2. Extract the year from the addition date and calculate the number of stocks added each year.
3. Which year had the highest number of additions (1957 doesn't count, as it was the year when the S&P 500 index was founded)? Write down this year as your answer (the most recent one, if you have several records).

*Context*: 
> "Following the announcement, all four new entrants saw their stock prices rise in extended trading on Friday" - recent examples of S&P 500 additions include DASH, WSM, EXE, TKO in 2025 ([Nasdaq article](https://www.nasdaq.com/articles/sp-500-reshuffle-dash-tko-expe-wsm-join-worth-buying)).

In [1]:
import pandas as pd
from datetime import datetime

In [2]:
url = 'https://en.wikipedia.org/wiki/List_of_S%26P_500_companies'
tables = pd.read_html(url)
earnings_data = tables[0]

In [3]:
earnings_data

Unnamed: 0,Symbol,Security,GICS Sector,GICS Sub-Industry,Headquarters Location,Date added,CIK,Founded
0,MMM,3M,Industrials,Industrial Conglomerates,"Saint Paul, Minnesota",1957-03-04,66740,1902
1,AOS,A. O. Smith,Industrials,Building Products,"Milwaukee, Wisconsin",2017-07-26,91142,1916
2,ABT,Abbott Laboratories,Health Care,Health Care Equipment,"North Chicago, Illinois",1957-03-04,1800,1888
3,ABBV,AbbVie,Health Care,Biotechnology,"North Chicago, Illinois",2012-12-31,1551152,2013 (1888)
4,ACN,Accenture,Information Technology,IT Consulting & Other Services,"Dublin, Ireland",2011-07-06,1467373,1989
...,...,...,...,...,...,...,...,...
498,XYL,Xylem Inc.,Industrials,Industrial Machinery & Supplies & Components,"White Plains, New York",2011-11-01,1524472,2011
499,YUM,Yum!

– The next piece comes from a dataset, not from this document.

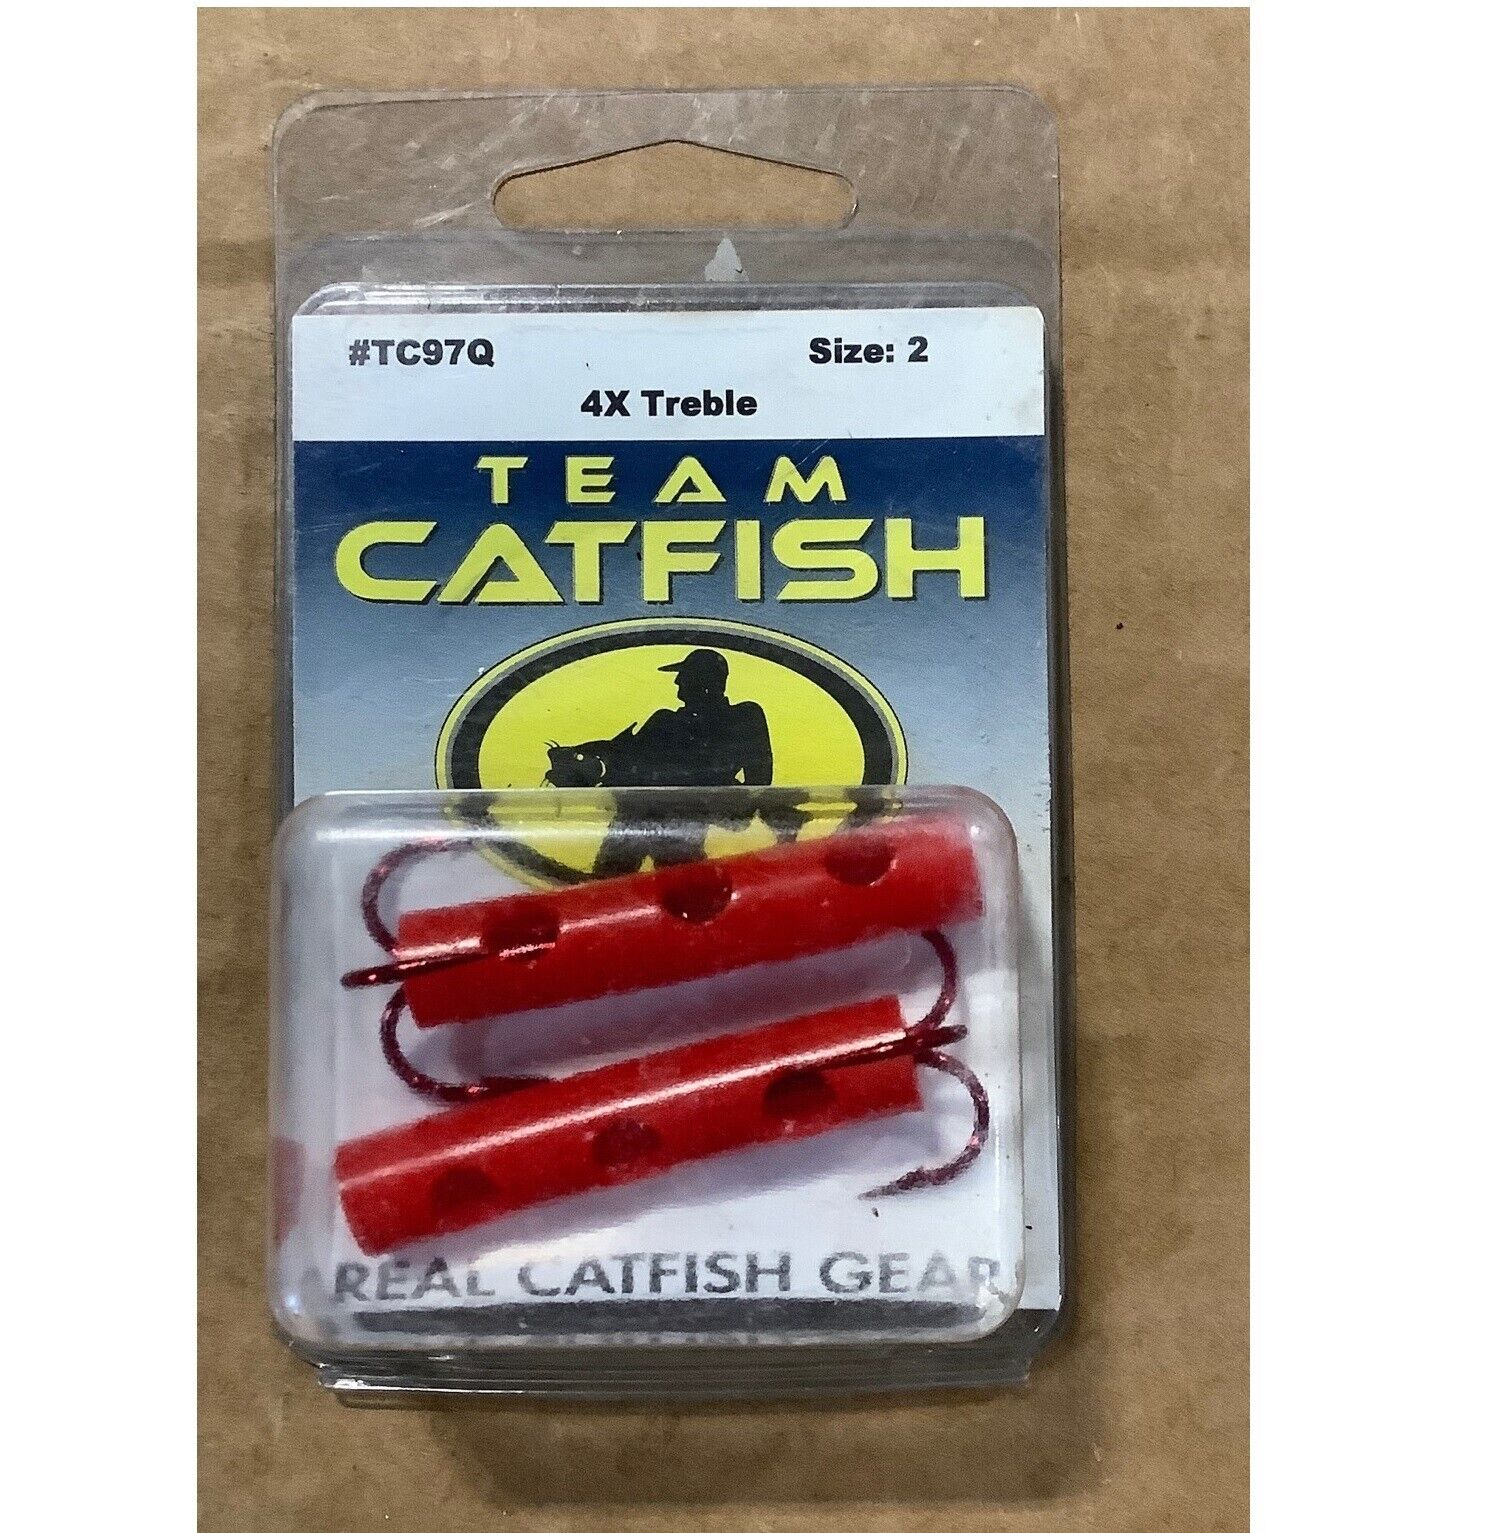 Team Catfish TC97Q Real Catfish Gear, 4X Treble, Size 2
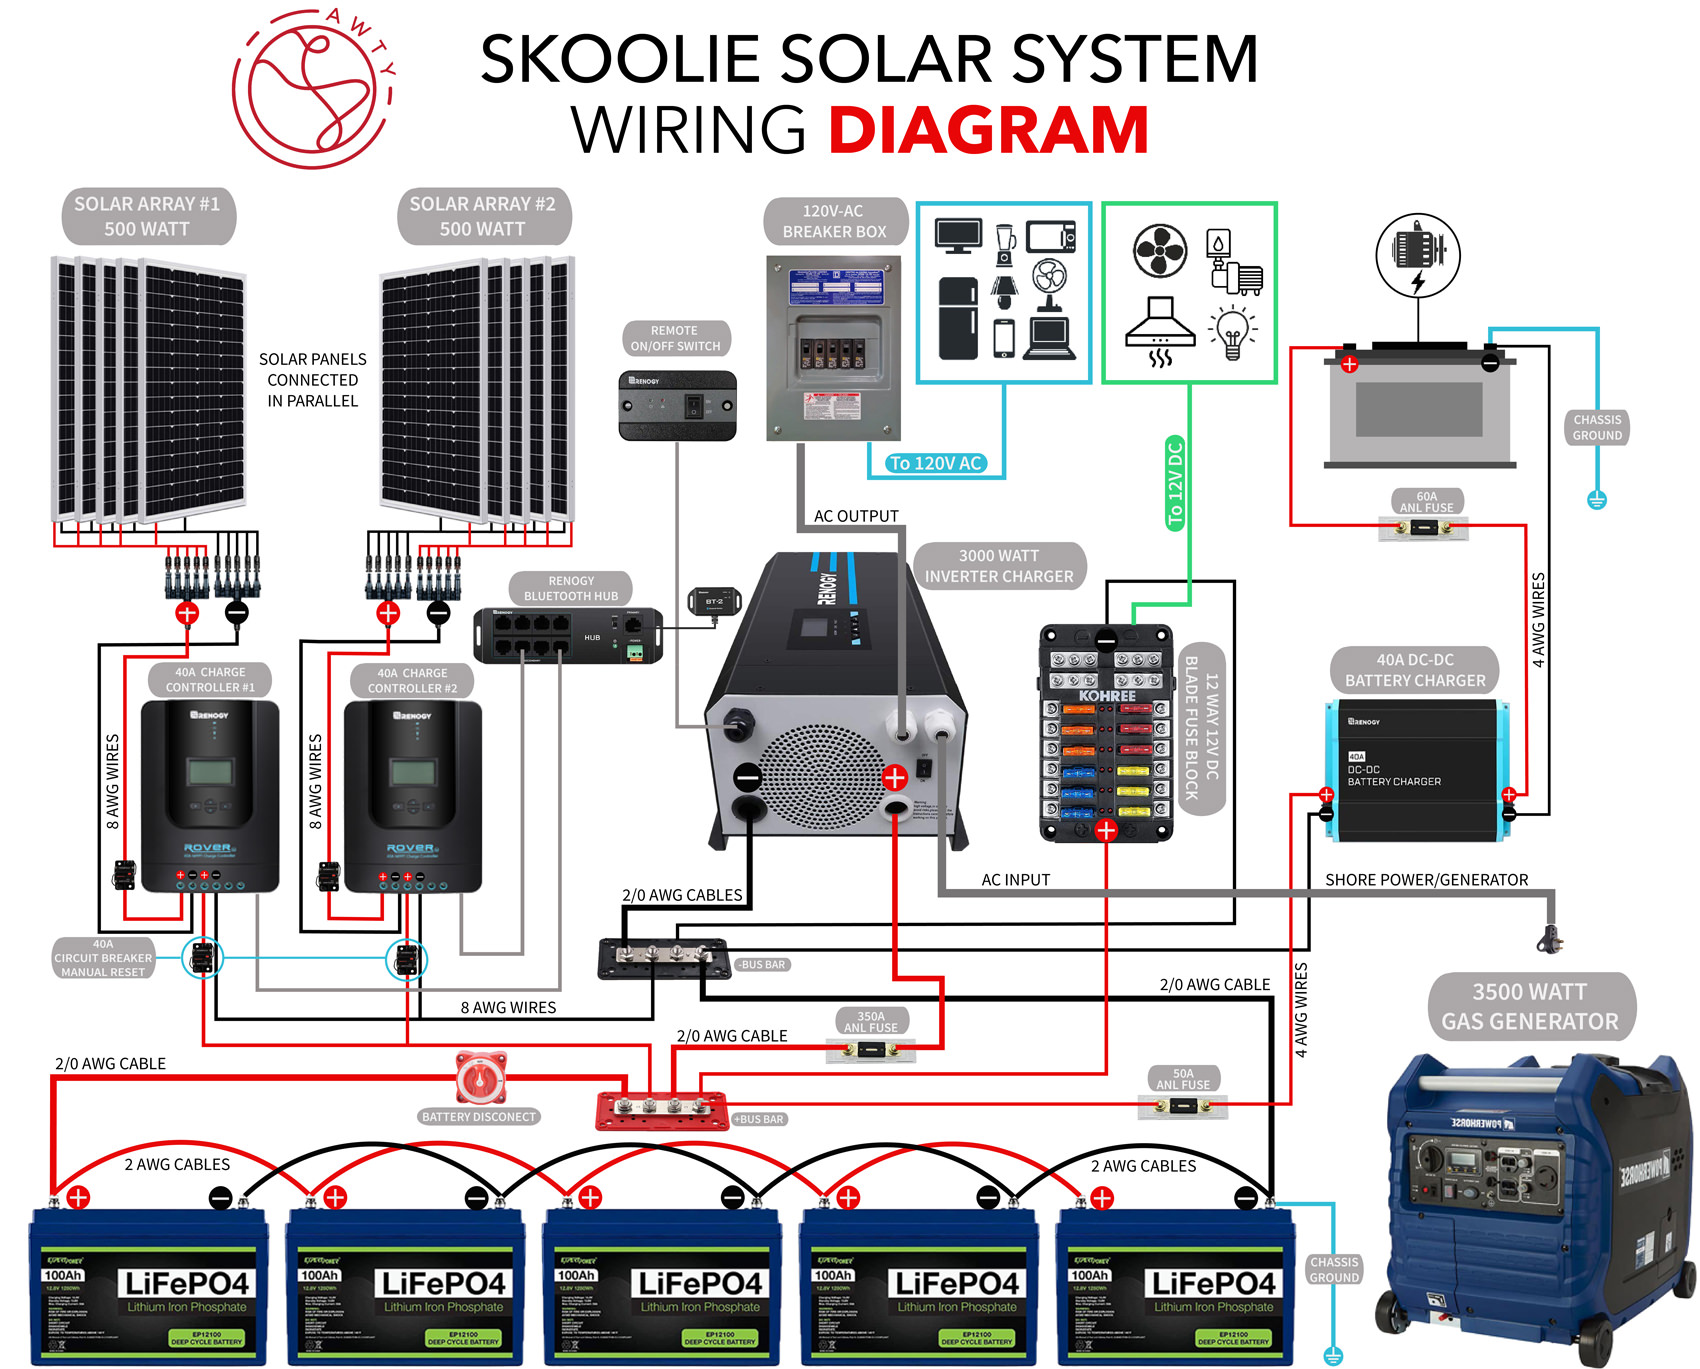 https://artwethereyet.com/blog/wp-content/uploads/2021/03/skoolie-solar-system-wiring-diagram.jpg

Brands,Consumer Discretionary,Restaurants,"Louisville, Kentucky",1997-10-06,1041061,1997
500,ZBRA,Zebra Technologies,Information Technology,Electronic Equipment & Instruments,"Lincolnshire, Illinois",2019-12-23,877212,1969
501,ZBH,Zimmer Biomet,Health Care,Health Care Equipment,"Warsaw, Indiana",2001-08-07,1136869,1927


In [4]:
(earnings_data
 .rename(columns=lambda x: x.replace(" ", "_"))
 .assign(Date_added=lambda x: pd.to_datetime(x['Date_added']))
 .assign(Year_added=lambda x: x['Date_added'].dt.year)
 .query("Year_added!=1957")
 .groupby('Year_added')
 .agg(Count=('Symbol','count'))
 .reset_index()
 .sort_values(by='Count', ascending=False)
 .head(1)
)

Unnamed: 0,Year_added,Count
47,2017,23


**Answer**: 2017

*Additional*: How many current S&P 500 stocks have been in the index for more than 20 years? When stocks are added to the S&P 500, they usually experience a price bump as investors and index funds buy shares following the announcement.

In [5]:
(earnings_data
 .rename(columns=lambda x: x.replace(" ", "_"))
 .assign(Date_added=lambda x: pd.to_datetime(x['Date_added']))
 .assign(Years_in_list=lambda x: (datetime.now() - x['Date_added']).dt.days / 365.25)
 .query("Years_in_list>=20") 
).shape[0]

219

There are 219 stocks in S&P500 that have been in the index for more than 20 years.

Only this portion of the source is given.